Life

Nuala McCann: Springwatch owls reminded me I love nature, but not up close

That Springwatch really ought to have carried a warning. It was before the watershed. Never mind small children, there were grown people squawking louder than baby blackbirds in our house

Nuala McCann

Nuala McCann

Nuala McCann is an Irish News columnist and writes a weekly radio review.

Butter wouldn't melt? A little owl (Athene noctua) – on Springwatch a female fed blackbird chicks to her young
Butter wouldn't melt? A little owl (Athene noctua) – on Springwatch a female fed blackbird chicks to her young Butter wouldn't melt? A little owl (Athene noctua) – on Springwatch a female fed blackbird chicks to her young

PERHAPS some of the wisest advice comes from the Oracle of Delphi: “Know thyself”.

I have learned that lesson on the hard pavements of Europe. The port of Piraeus – Syphilis Square – where we slept in a huddle waiting for the early ferry to the Greek Islands... Mamma Mia it was not.

I learned it on the train in Yugoslavia where we dozed for hours tucked up beside bearded women and caged clucking chickens and big sacks of red and green peppers in the days when the pepper was so exotic, you’d never have snared one in Crazy Prices.

I learned it with a deep-throated French stranger, hanging out the half window of a slow train to Paris, choking to death on a Gitane cigarette – me, not him.

What I learned was that I don’t like smoking even with tall French strangers; couchettes on trains are affordable and anywhere but anywhere is better than sleeping in Syphilis Square.

There is a fashion of writing letters to one’s younger self offering advice from the throne of great wisdom.

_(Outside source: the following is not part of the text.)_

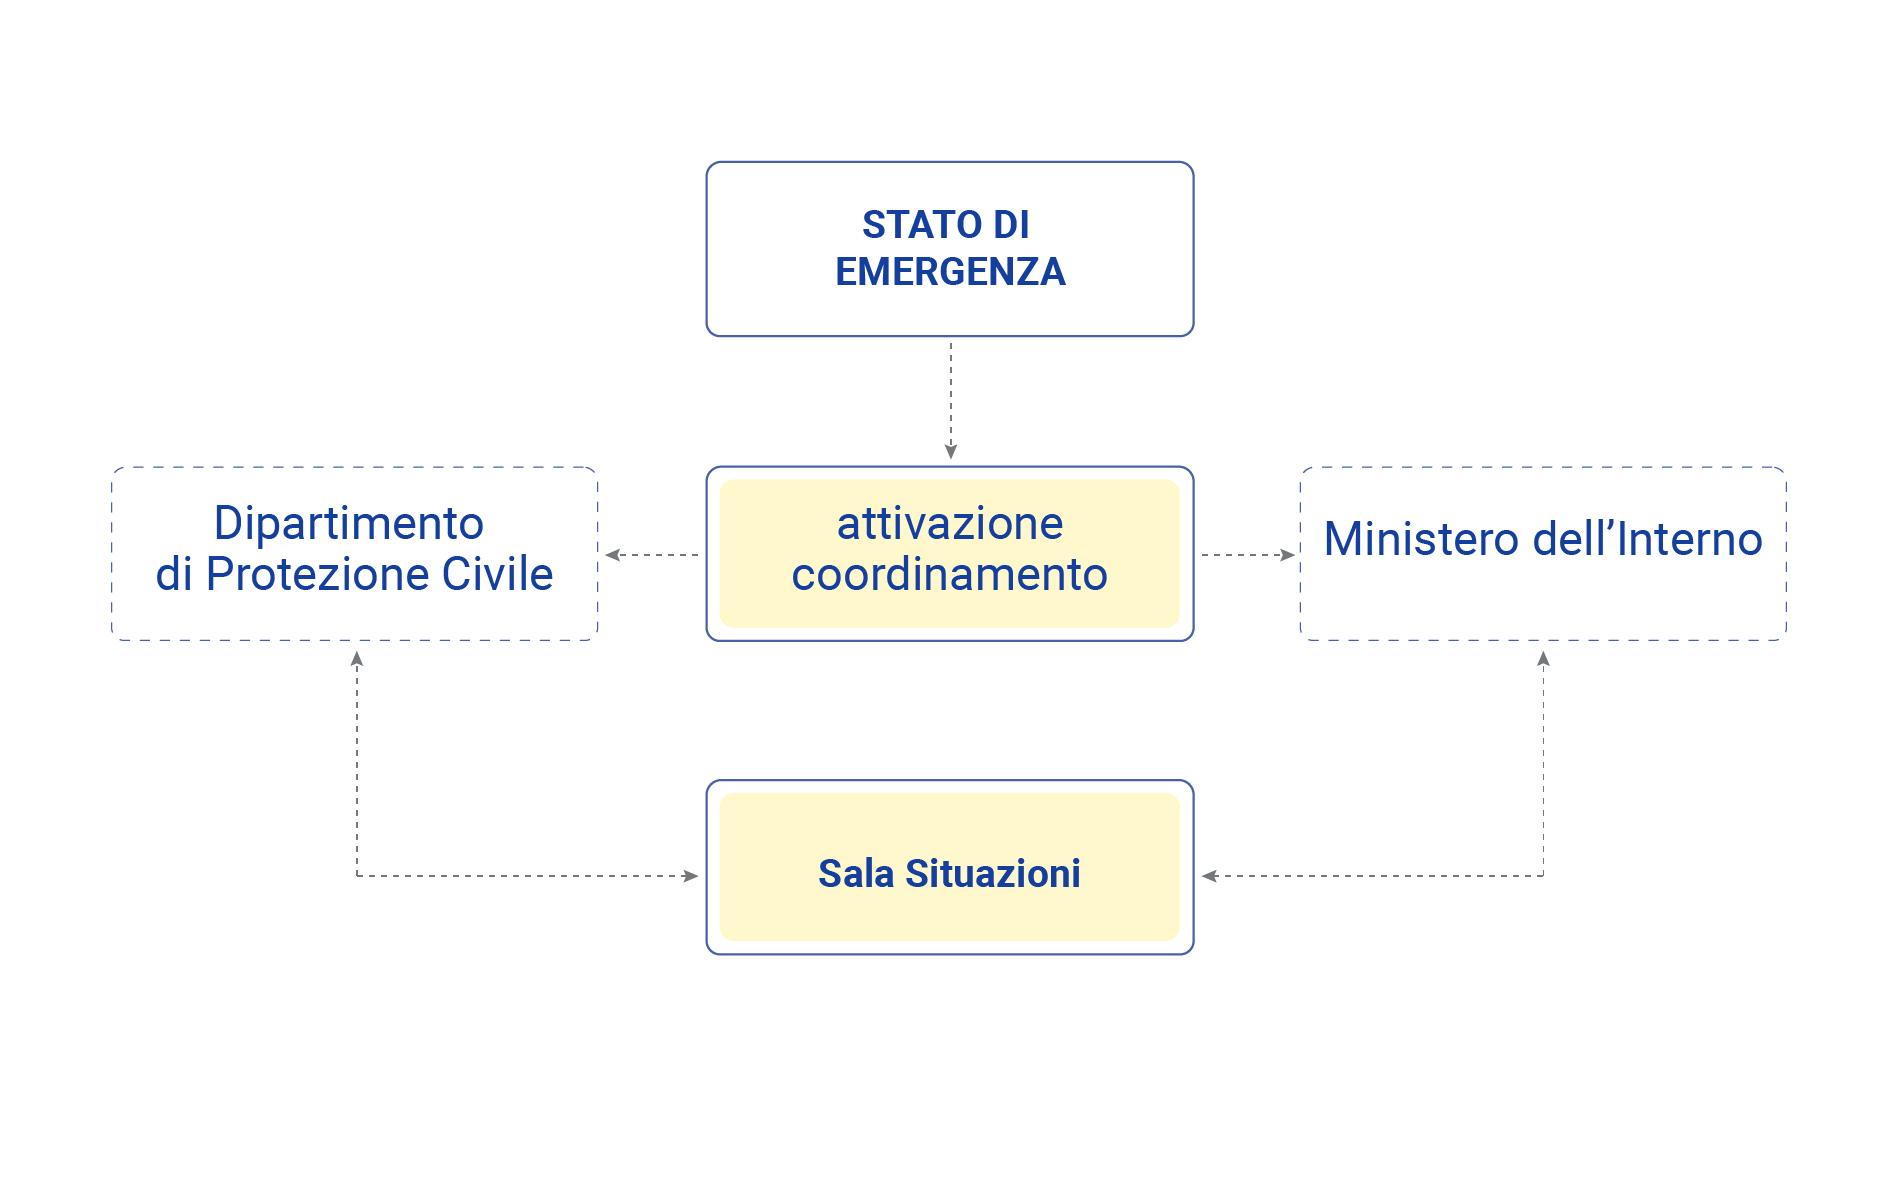 Gestione_Emergenze-01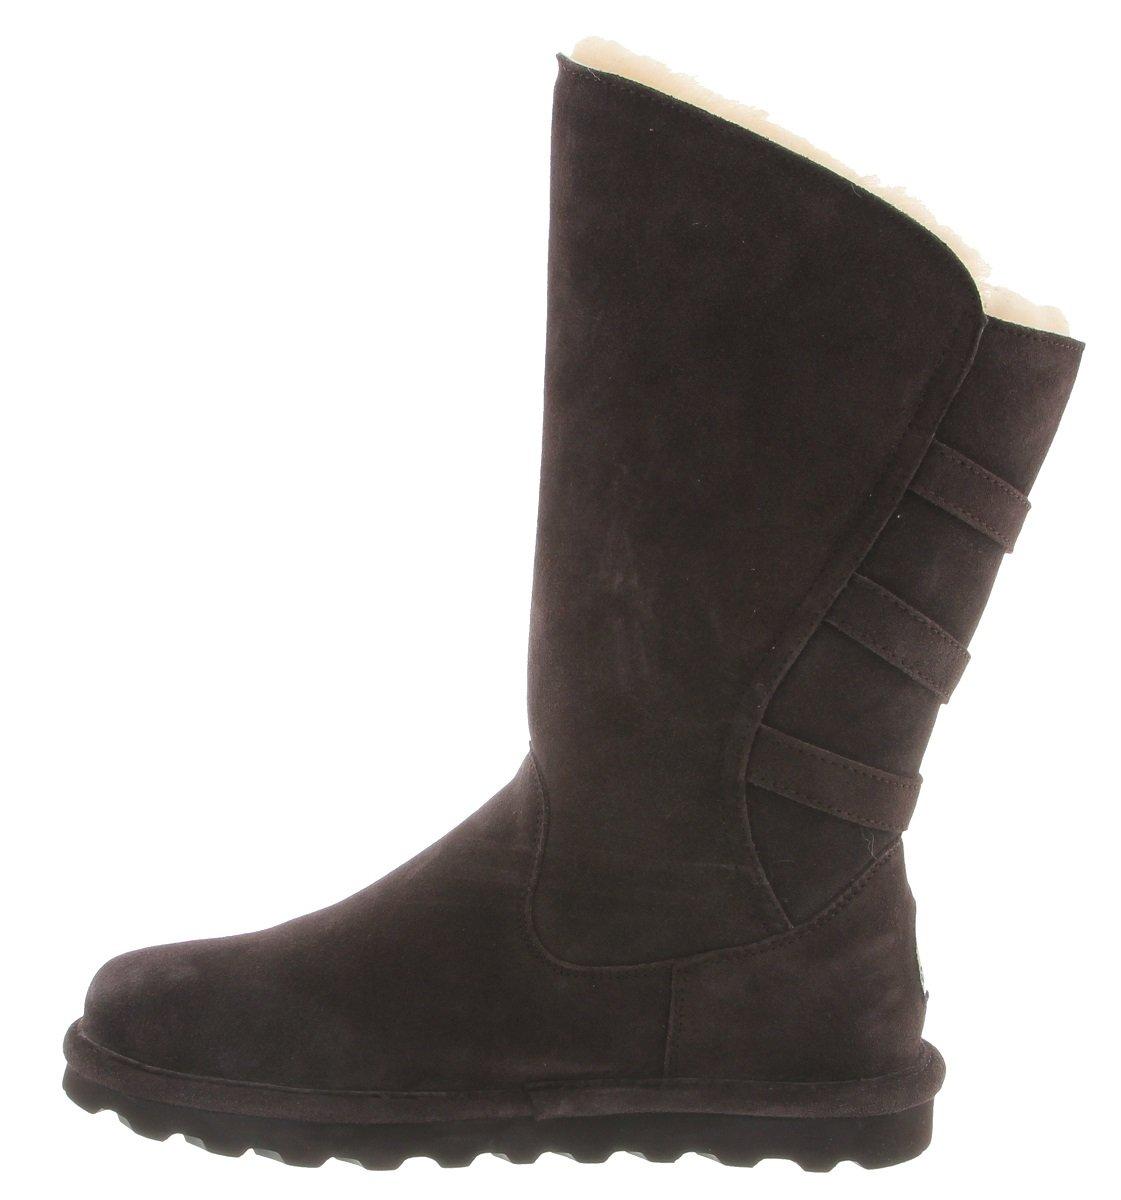 BEARPAW Women's Jenna B(M) Boots B06XYHD5D6 10 B(M) Jenna US Chocolate Ii 339849

I’d just echo the Oracle: “Know thyself”.

Myself looks at my younger self and wonders why she took life way too seriously and the lengths she’d go to just to save money. To hell with poverty, I’d tell her. Who else SAVES money from a student grant, I’d tell her. Why have pan bread when you can eat a big chocolate cake, I’d say.

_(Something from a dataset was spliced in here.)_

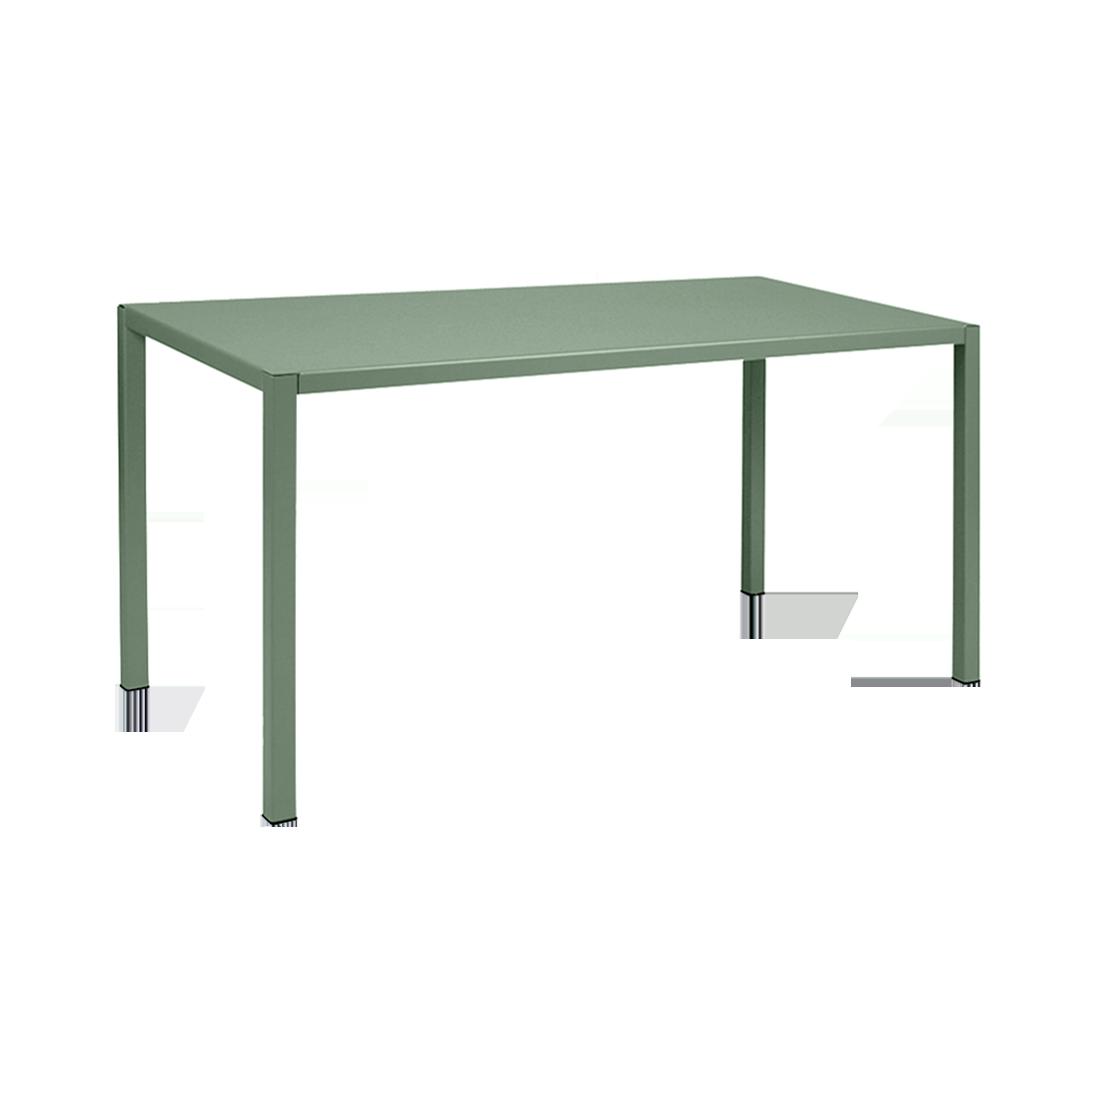 Tisch 140 x 70 inside out gartentisch design gartenm bel for Designer tisch 140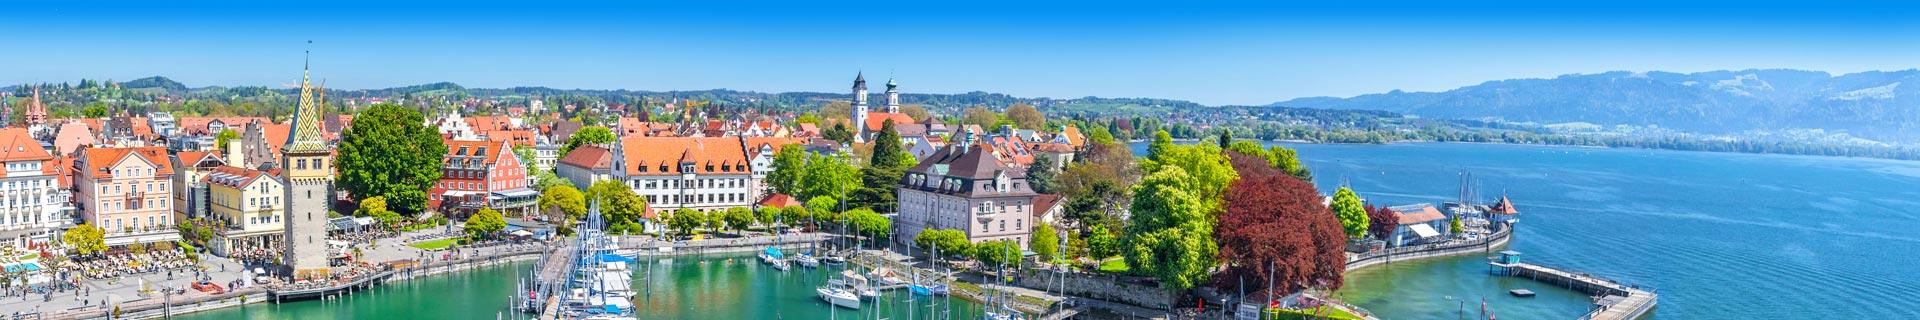 Kan ik op vakantie naar Duitsland?

The younger me occasionally splashed out but she needed to know she had a safe little nest egg in the bank, for the just-in-case moments. They did come about – when you buy a flat, nobody ever really explains how interest rates can shoot up to 13 per cent and that a thing called a rates bill shall plop on to the mat one day... be still my beating heart.

But the “know thyself” I’m sharing with you this week is the fact that I love nature, but not up close. Like my yoga friend, the truth is that I like the idea of it – cute fluffy babies, dolphins like Flipper, dogs who wear hats, cats who play pat-a-cake in French on Youtube, Skippy the bush kangaroo.

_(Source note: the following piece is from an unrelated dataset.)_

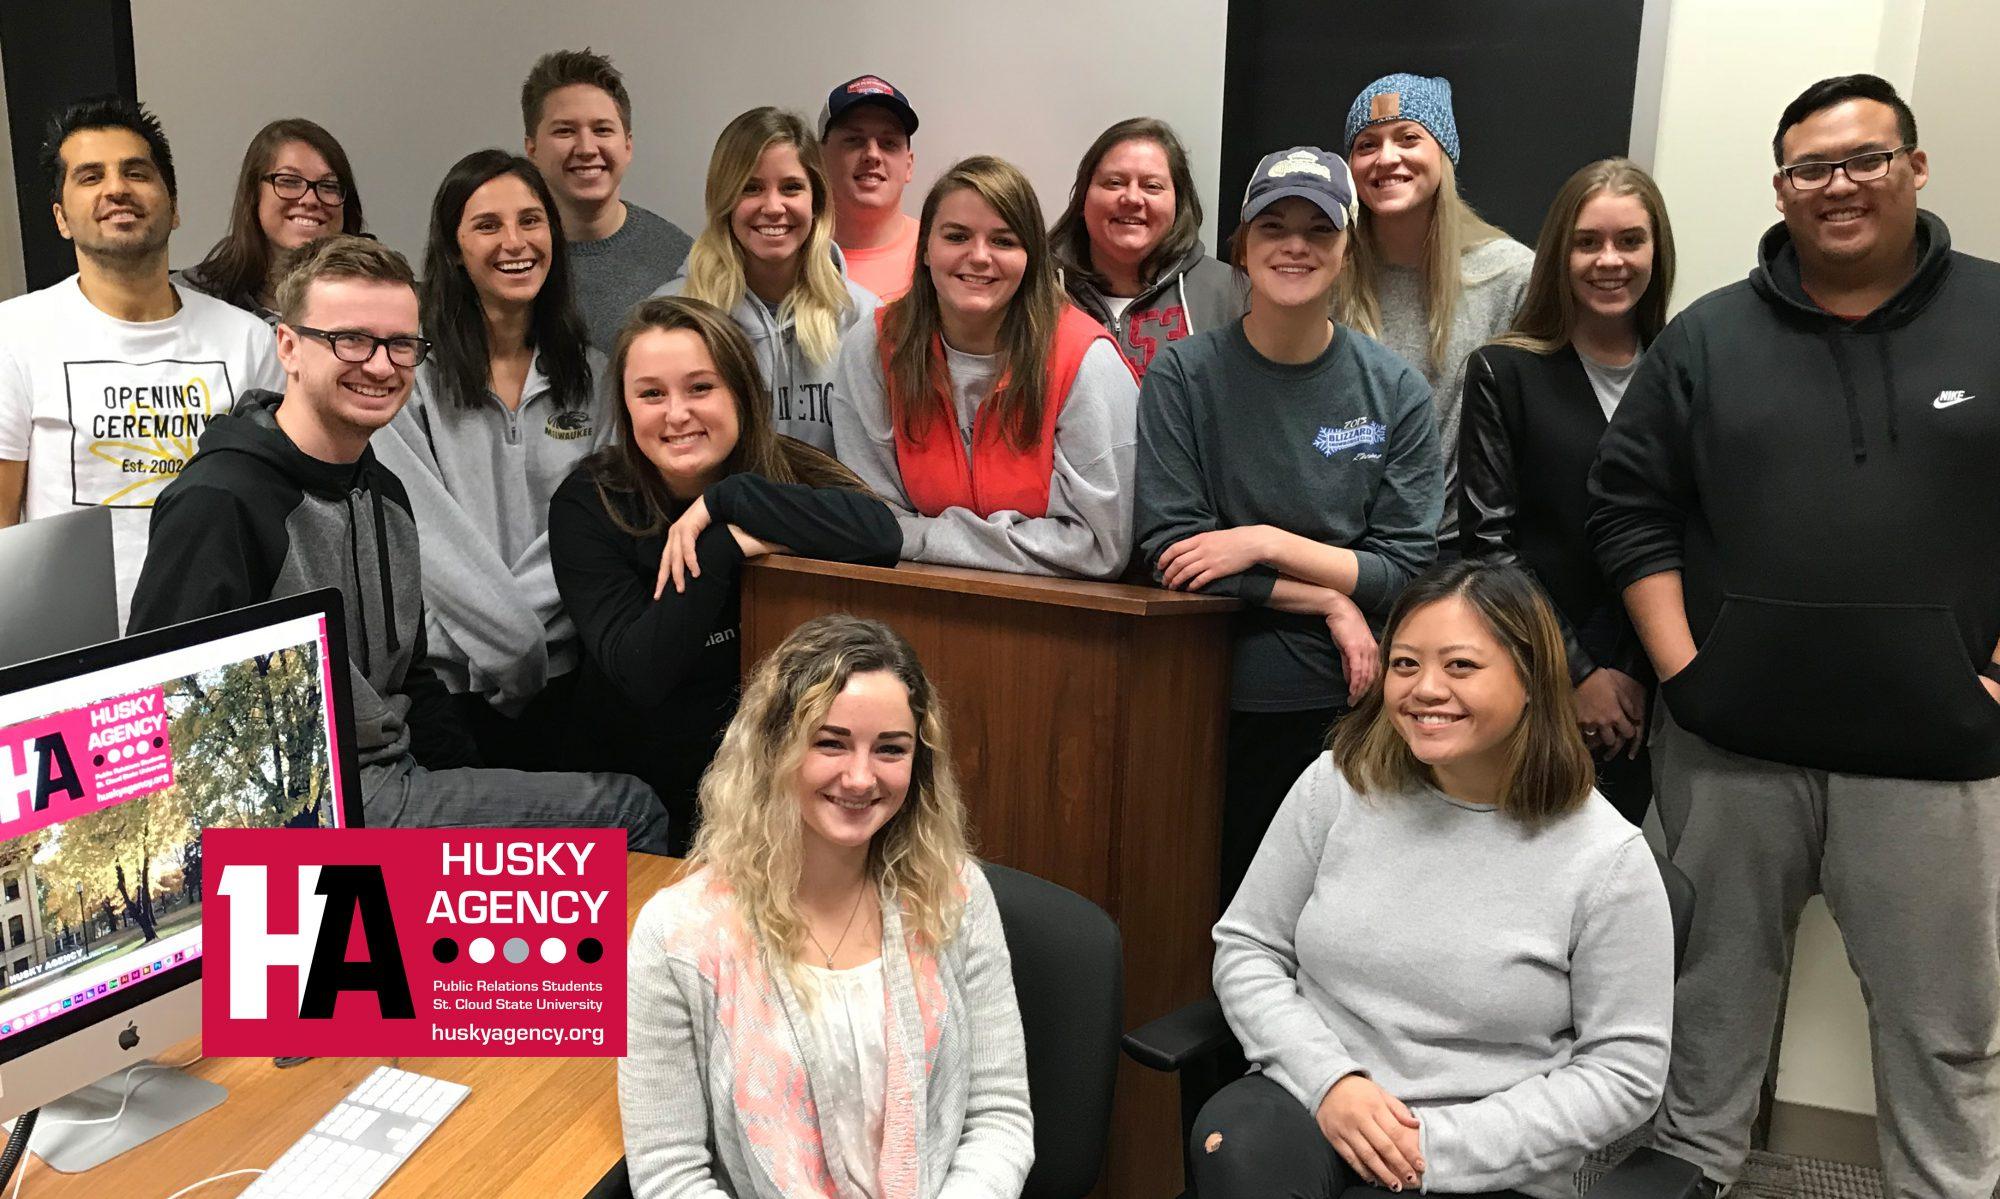 Husky Agency

Only this week, I discovered baby goats wearing pyjamas and passed a good 10 minutes smiling goofily.

When our boy suggested I google videos for frightened goats, I was astonished at their ability to fall over and play dead, legs sticking straight up in the air, when someone scared them. You’re kidding!

I wasted another half an hour of my life on that.

But the fact that I only love animals at the distance of a long pointy stick became apparent with a recent Springwatch programme. Here were the baby owls and the baby blackbirds tucked up in their little nests at opposite ends of the barn waiting for the mommas and poppas to come with dinner.

One minute it was coochy coo, the next, the mama owl swooped on the baby blackbirds and hauled them squawking to be devoured by her owl babies.

One little blackbird knew his number was up. As his siblings lay dead and bleeding beside him, the sole survivor who could not yet fly, dropped out of his nest and made a desperate scrabble for a dark corner in the shed far from the owls’ gleaming eyes.

That Springwatch really ought to have carried a warning. It was before the watershed. Never mind small children, there were grown people squawking louder than baby blackbirds in our house.

Chris Packham then appeared on screen to reassure us that about 70 per cent of baby owls don’t make it through their first year and food is vital... there are plenty of blackbirds: way of the world. Tell that to mummy and daddy blackbird, we shrieked.

Viewers have also seen a live baby owl being ripped apart by its mother and fed to its siblings. That’s straight out of a Greek tragedy.

So let us return to the Oracle of Delphi and the message about knowing thyself.

I have to confess that I cannot wear the badge of a true nature lover. I’m a cutesy fan. I like my lamb gambolling, but also on a plate with gravy. I like my fish battered with a good dash of salt. And owl babies? I only like sweet, fluffy Percy and Bill from the storybook.